Auch die Gruppengröße entspricht in vielen Kitas nicht den wissenschaftlichen Empfehlungen von 12 bis 18 Kindern (je nach Alter). Bundesweit sind gut 54 % aller amtlich erfassten Kita-Gruppen zu groß. Sind die Gruppen zu groß, bedeutet das für die Kinder und das Fachpersonal übermäßigen Stress, z. B. durch eine zu hohe Lautstärke. Auch können Kitas so ihrem Bildungsauftrag oft nicht ausreichend nachkommen.

In den alten Bundesländern sind zu wenig qualifizierte Fachkräfte

Ein weiterer Befund der Studie: Die Qualifikation des Kita-Personals ist bundesweit sehr unterschiedlich. In den neuen Bundesländern sind 82 % des ausgebildeten Personals Erzieher*innen. Das sind deutlich mehr, als in den alten Bundesländern: Hier sind es nur 66 %, also 16 Prozentpunkte weniger. Insbesondere bei einem Personalmangel steigt damit das Risiko einer niedrigeren Bildungsqualität. Daher rät die Bertelsmann Stiftung, dass sich die westdeutschen Bundesländer an den Kitas in Ostdeutschland orientieren.
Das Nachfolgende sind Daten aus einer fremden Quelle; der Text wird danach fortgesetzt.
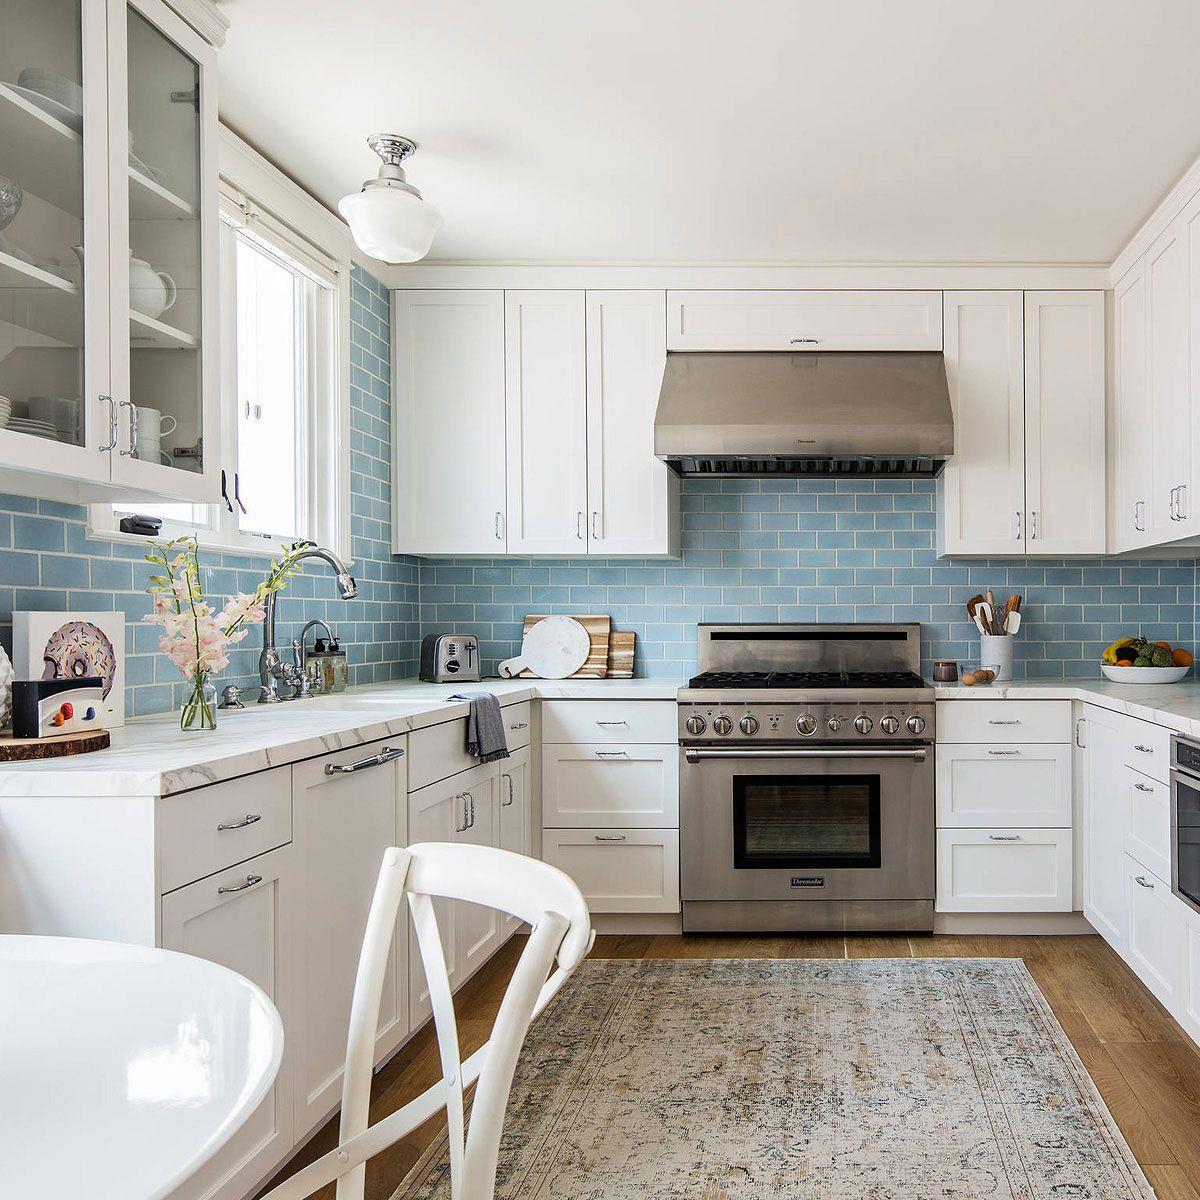 75 Blue Backsplash Ideas Navy Aqua Royal Or Coastal Blue Design Blue Backsplash Kitchen Blue Backsplash White Shaker Kitchen Coastal kitchen backsplash ideas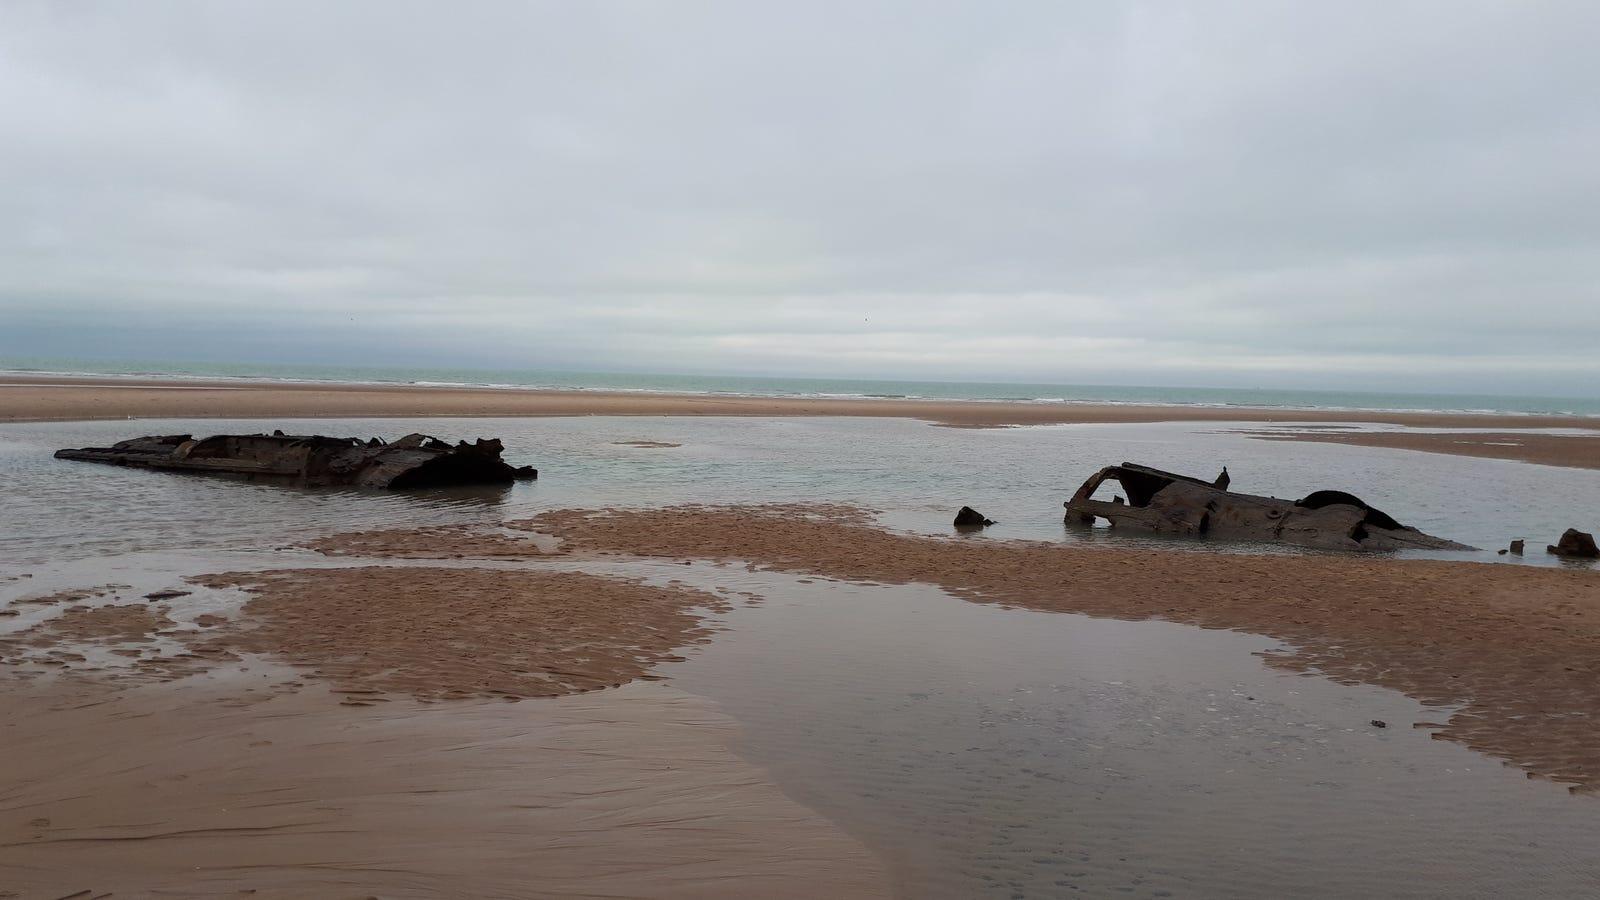 World War I-Era German Submarine Resurfaces From the Sand Near French Coast

Jörg Dräger, Vorstand der Bertelsmann Stiftung, betont, wie ernst die Zahlen genommen werden müssen: „Der Kita-Ausbau der letzten Jahre war beachtlich: Aber die Personalschlüssel und Gruppengrößen sind vielerorts nicht kindgerecht, es gibt keine bundeseinheitlichen Qualifikationsstandards für das Personal. Kitas können deshalb ihren Bildungsauftrag teilweise nicht wahrnehmen.“ Eine gute pädagogische Arbeit könne nur mit zusätzlichen Mitteln sicher gestellt werden und brauche neben der Finanzierung durch die Länder auch eine angemessene und dauerhafte Finanzierungsbeteiligung des Bundes.